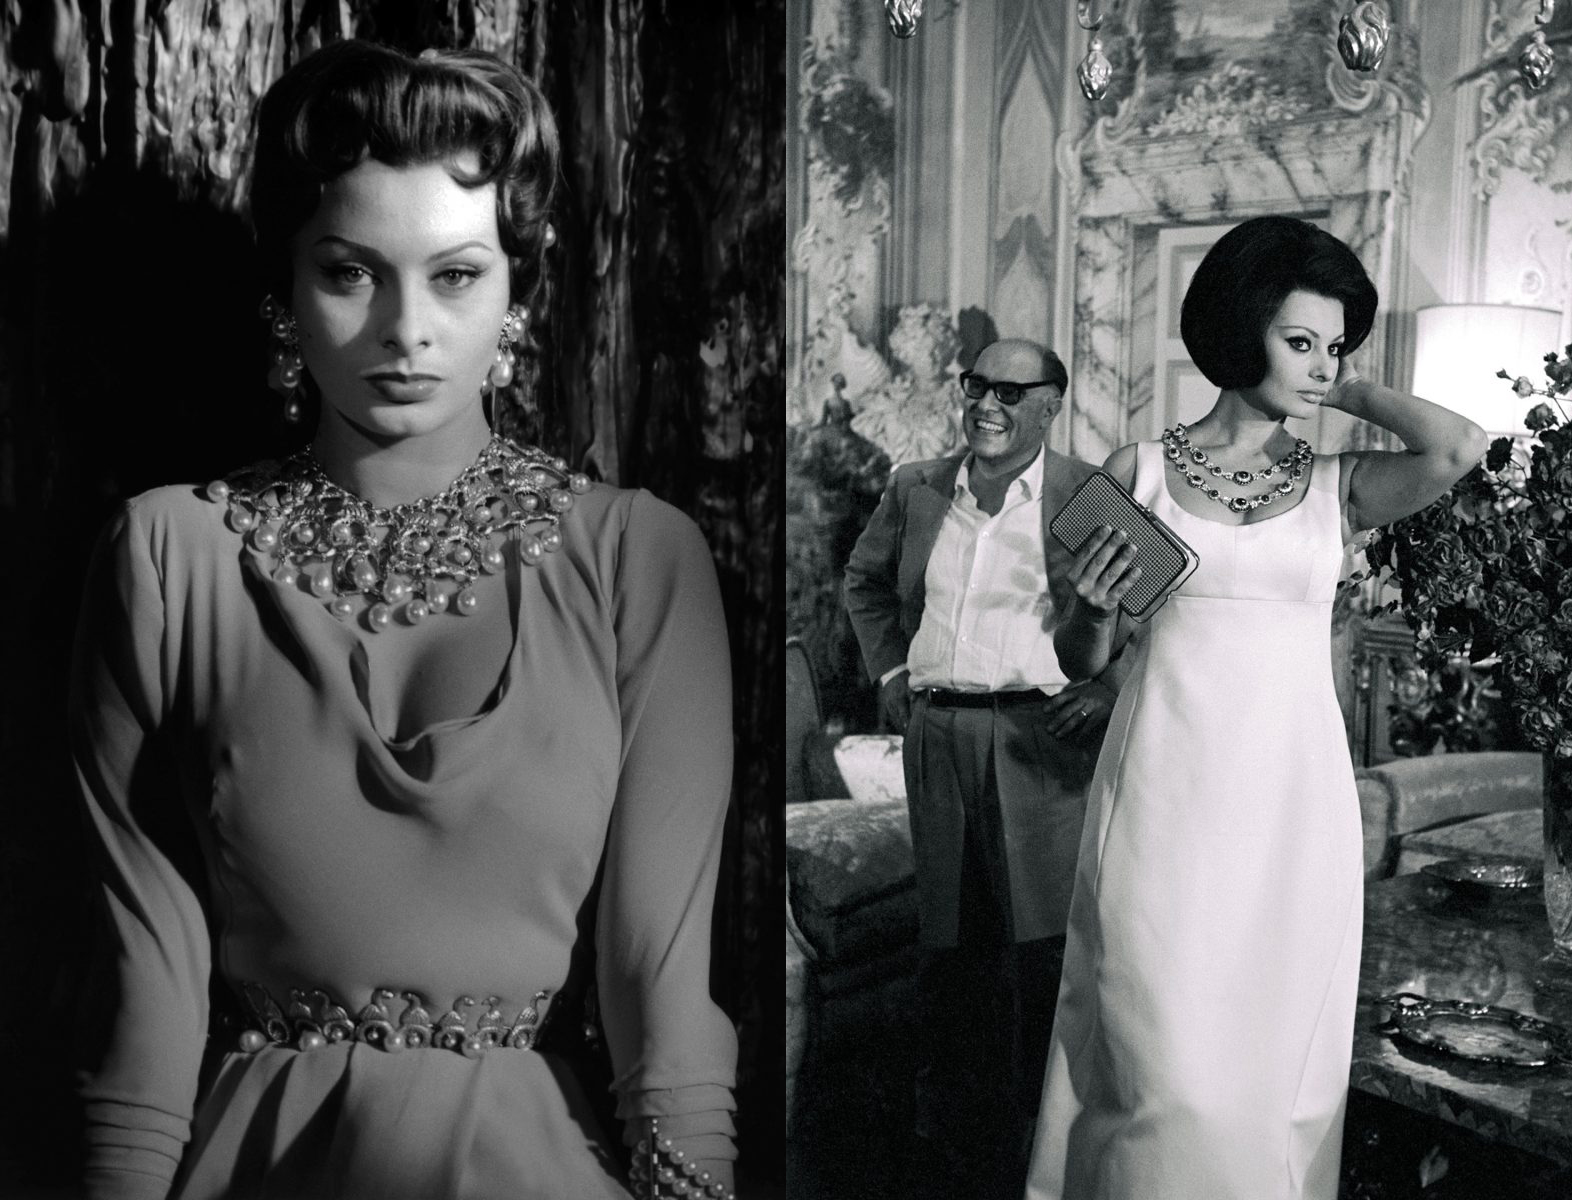 Sophia Loren được mệnh danh là “Gucci sống” với trang phục, phụ kiện, túi xách sang chảnh, mang đậm dấu ấn 'GG' của thương hiệu. Đây cũng chính là hình tượng mà nữ ca sĩ Lady Gaga sẽ hoá thân trong bộ phim 'House of Gucci' (Gia Tộc Gucci)
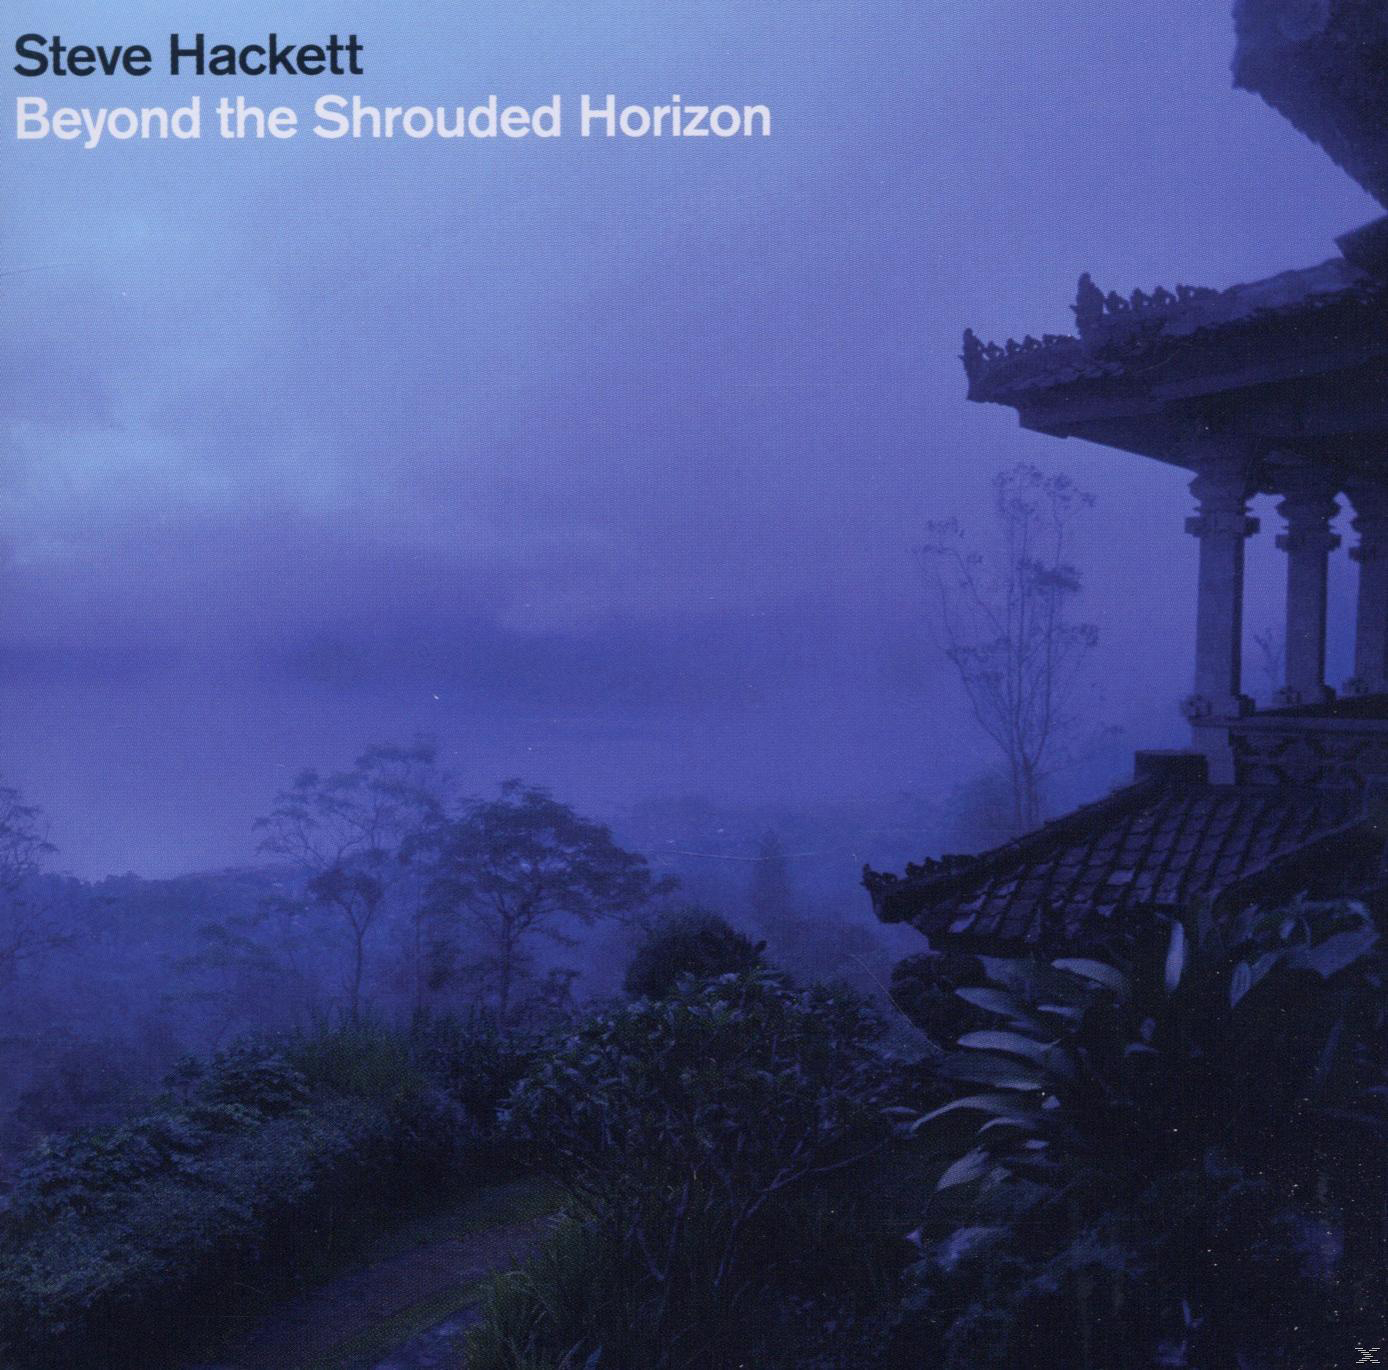 (CD) Horizon Shrouded The Beyond Steve Hackett - -
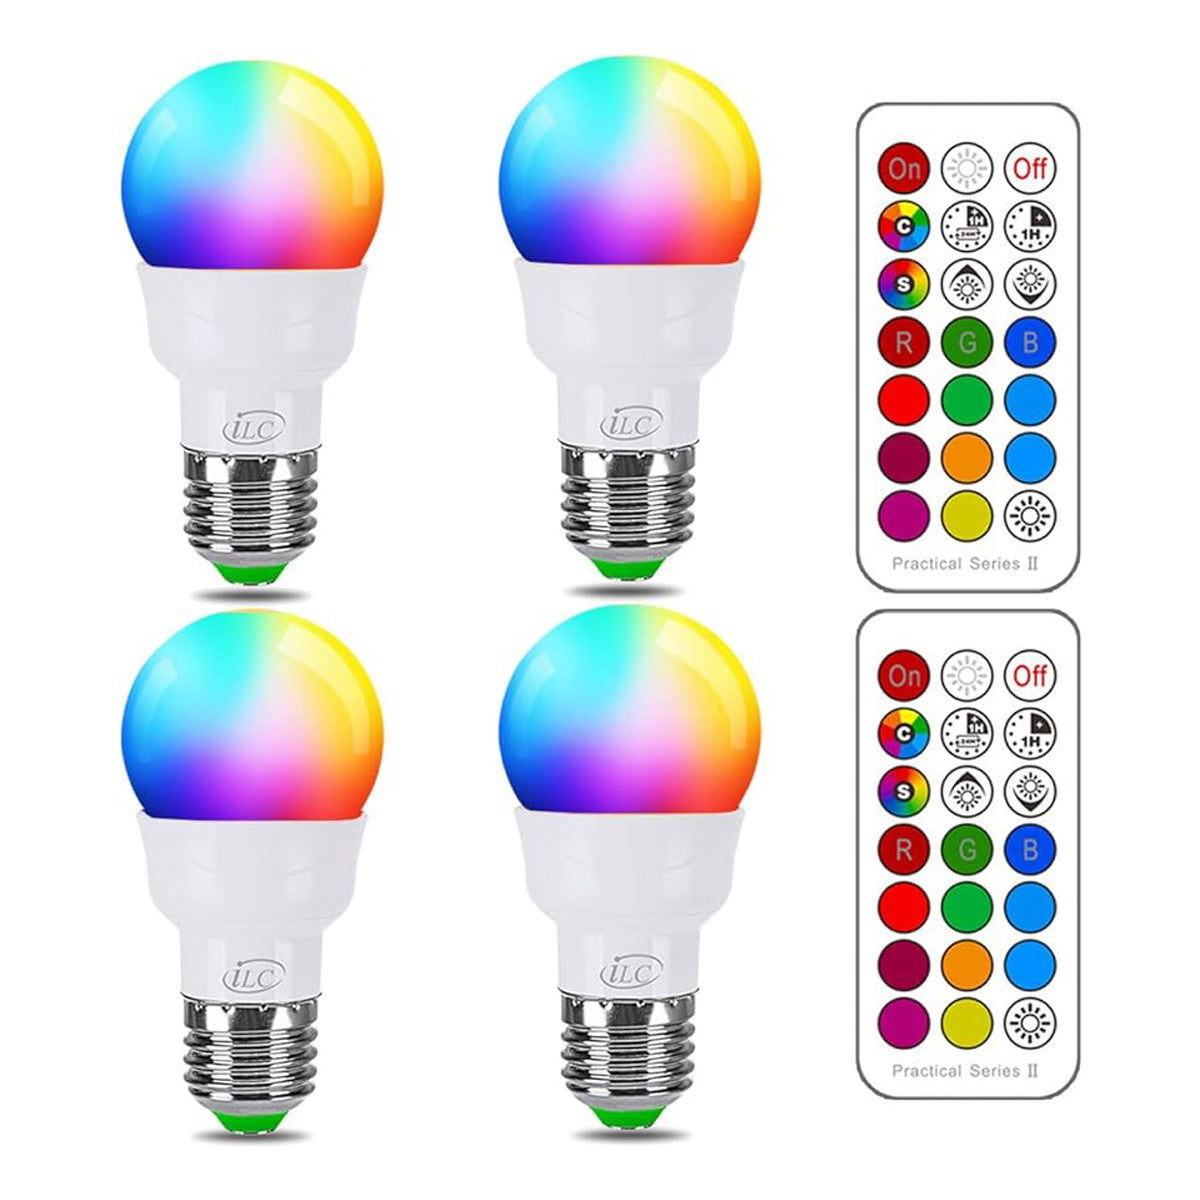 Lampadina LED RGB ILC che cambia colore, equivalente a 40 W, 450 LM, 2700 K Bianco caldo 5 W E26 Base a vite RGBW, Lampadina Flood Light - 12 scelte di colore - Telecomando a infrarossi temporizzati (confezione da 4) 
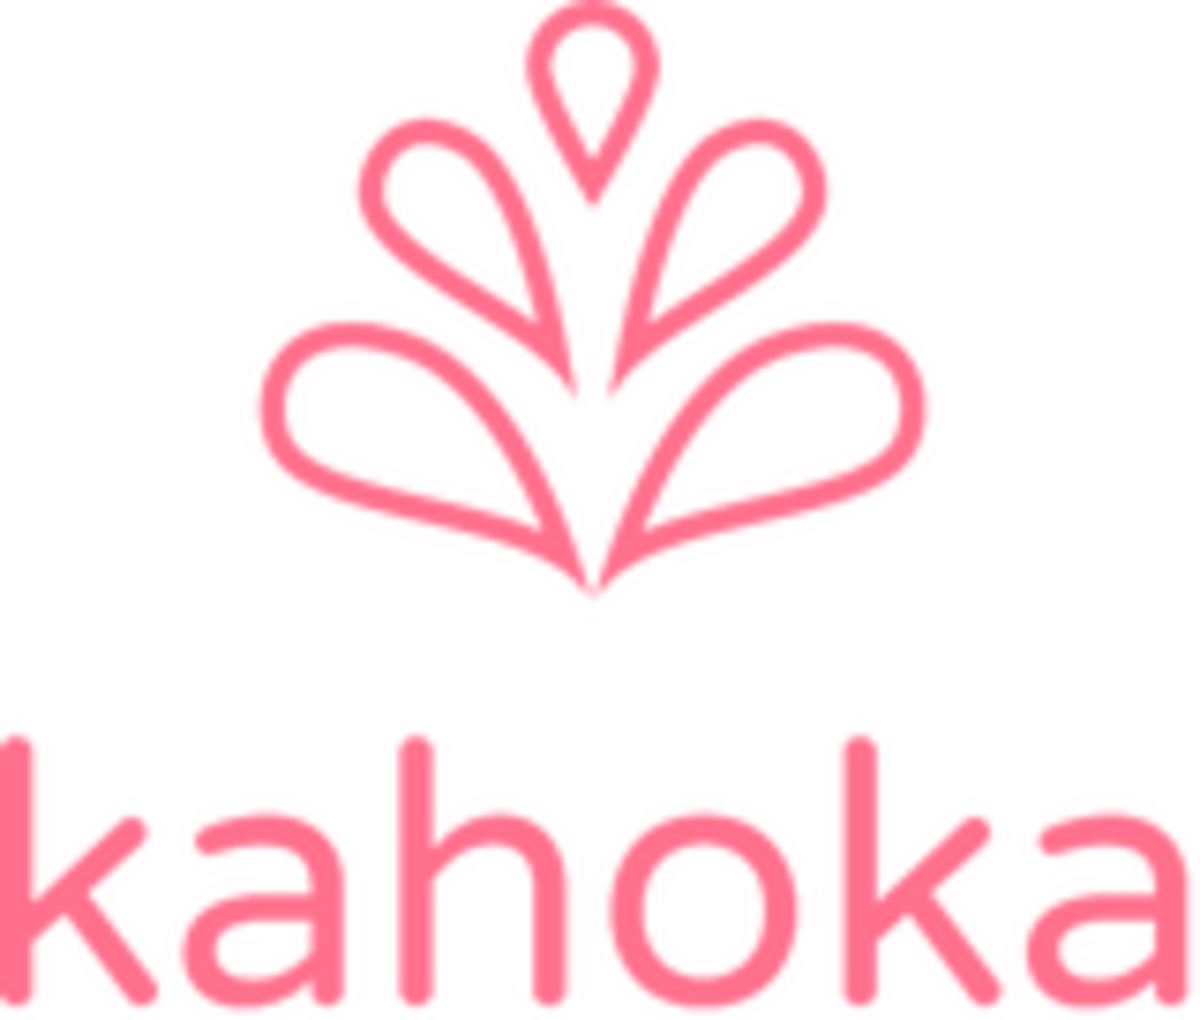 kahoka.thebase.in
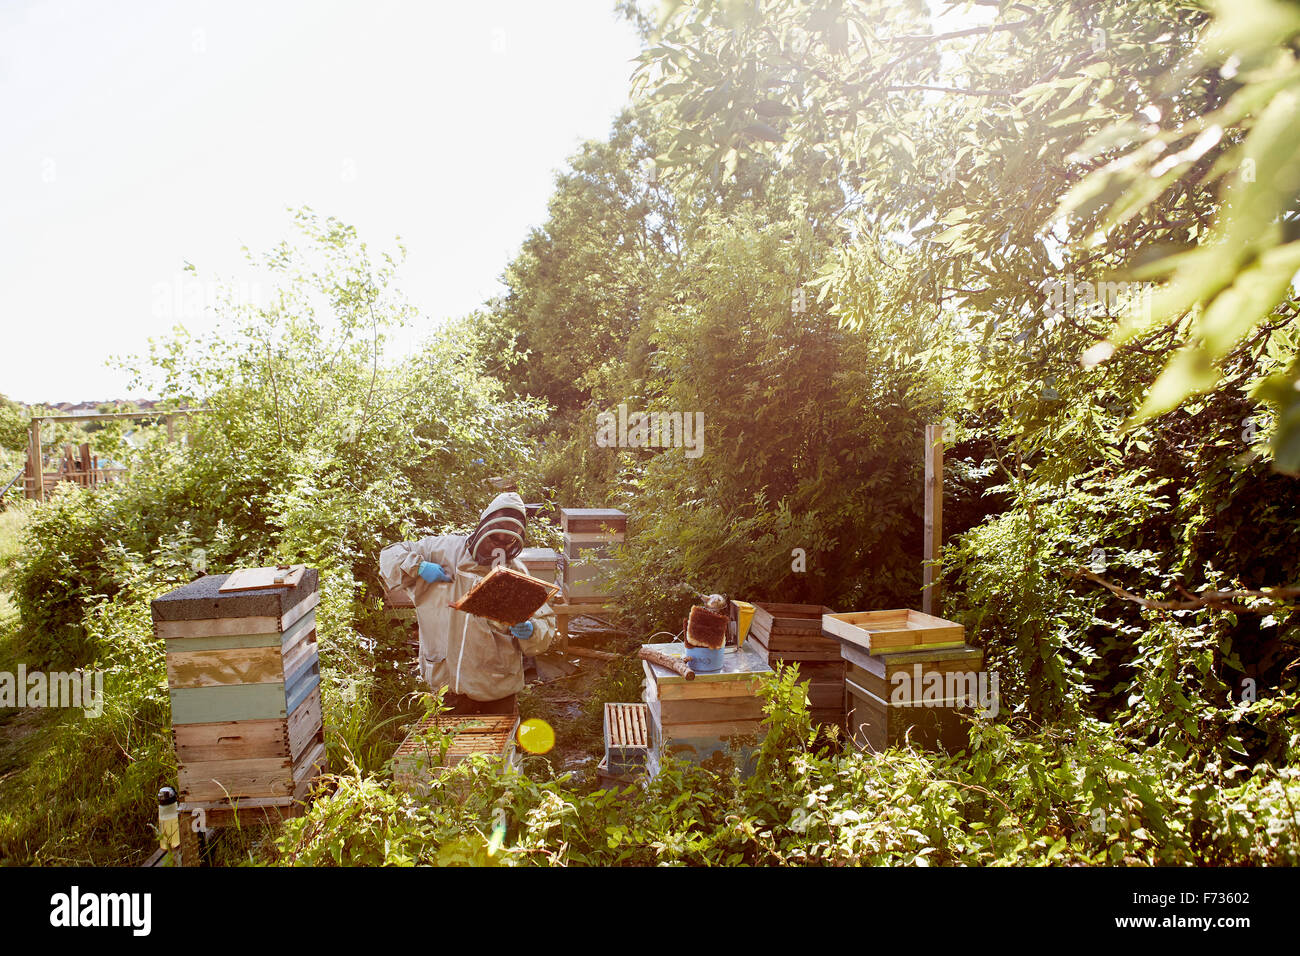 Un apicultor en un traje protector y la cara que cubre la inspección de los marcos de sus colmenas de abejas. Foto de stock
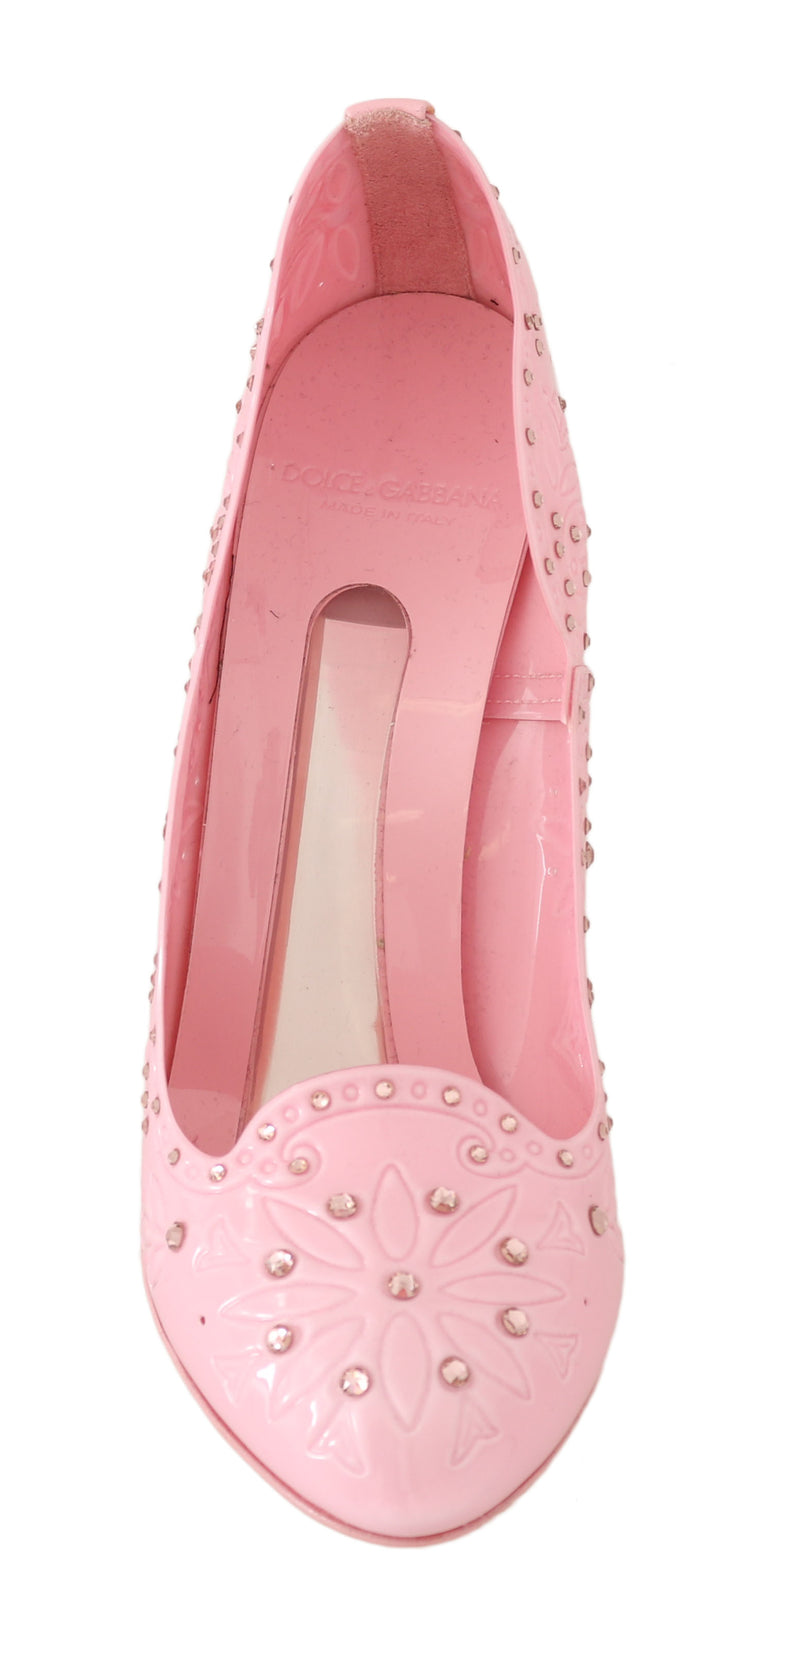 CINDERELLA Pink Crystal Heels

● Work order
Can the lines from the start of the records through the line with "Un apicultor en" be given again exactly, with the pictures left out?

● Written answer
 Sophia Loren được mệnh danh là “Gucci sống” với trang phục, phụ kiện, túi xách sang chảnh, mang đậm dấu ấn 'GG' của thương hiệu. Đây cũng chính là hình tượng mà nữ ca sĩ Lady Gaga sẽ hoá thân trong bộ phim 'House of Gucci' (Gia Tộc Gucci)
 (CD) Horizon Shrouded The Beyond Steve Hackett - -
 Lampadina LED RGB ILC che cambia colore, equivalente a 40 W, 450 LM, 2700 K Bianco caldo 5 W E26 Base a vite RGBW, Lampadina Flood Light - 12 scelte di colore - Telecomando a infrarossi temporizzati (confezione da 4) 
 kahoka.thebase.in
 Un apicultor en un traje protector y la cara que cubre la inspección de los marcos de sus colmenas de abejas. Foto de stock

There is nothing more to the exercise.